Greg Winey, founder/principal, Northpointe Hospitality Management, LLC, also pointed to rising costs, specifically as it relates to workers, as he touted the importance of holding rate.

“We need a pressure relief valve; we’re all dealing with labor issues. As long as we can charge and continue to charge, I think everyone realizes that rate is here and it’s here to stay. It has to stay because we do have to pay for these additional expenses,” he said.

While leisure destinations and resort markets have generally outperformed since the outset of the pandemic, many major metropolitan hotels continue to lag.

“The urban markets are really tough right now. They are as much a product of what’s going on in the social environment as anything. The crime rate in Chicago is through the ceiling and we feel it with our leisure business, we feel it with our meeting business, we feel it in our corporate business,” said Habeeb.

According to Oswald, within Banyan Tree the company’s beach properties are “through the roof” this last year while other companies struggled in urban markets that are heavily reliant on office occupancy and are “not doing as well and many of their properties are struggling with profit margin.”

He added, “they’re simultaneously suffering some of the biggest increases in expense structure and unable to bring it to the bottom line… so it’s definitely an uneven recovery,” he said.

Winey agreed that the gateway cities “have been punished the most,” although he noted this market correction was somewhat predictable as he suggested that lenders may have been short-sighted.

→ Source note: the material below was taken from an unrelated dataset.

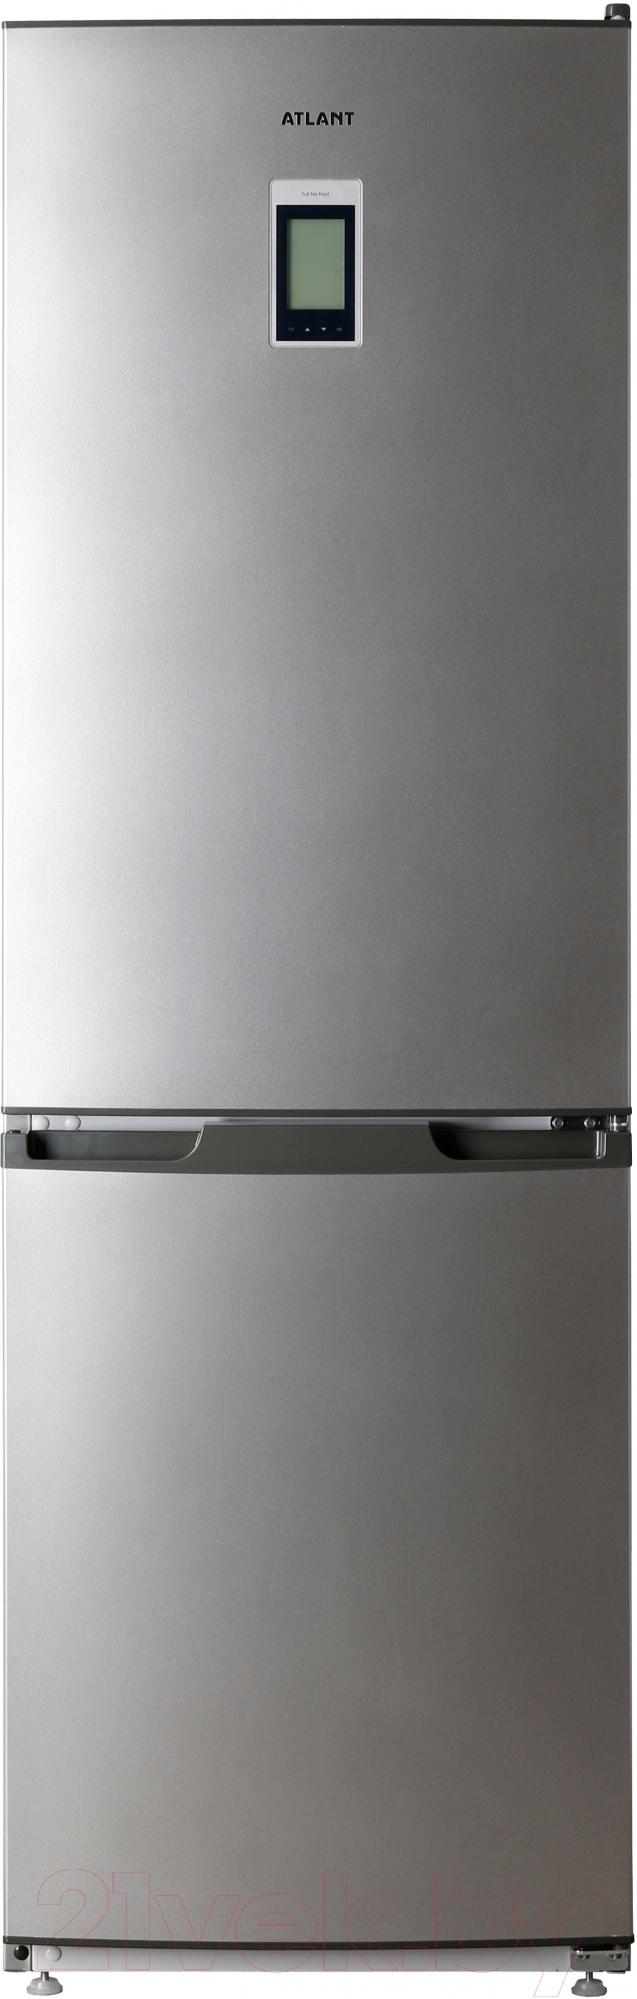 Купить Холодильник с морозильником ATLANT, ХМ 4421-089 ND, Беларусь

“They also did the underwriting at 90% occupancy on a $400 rate in New York and that didn’t work out so well. The expectations were that this party was never going to end,” he said.

Finally, the executives explained that transaction activity within hospitality has been impacted largely by some of the macroeconomic factors, such as rising interest rates.

“The pace of deals has really slowed down. The situation in a nutshell is that with interest rates rising as they are cap rates are going to have to change. The seller’s expectation versus the buyer’s expectation are two very different things. You’ve got to be very cautious about the deal you do in the current market situation,” said Oswald, who added he thinks “things will normalize” eventually and interest rates will come back down.

Habeeb took it a step further.

“Honestly, I think it’s very likely that we’ll see distressed assets and distressed pricing finally in the next year or so because you’ve got all these CMBS loans that are coming due. You’ve got incredible pressure on costs driven by labor and you’ve got a recession,” he said.

Habeeb added he thinks the labor situation may get worse before it gets better for the hotel industry. “We still have a lot of challenges that we’re facing even though I agree it’ll all come back to normal [eventually]. But for the next 18 months it’s going to be tricky,” he said.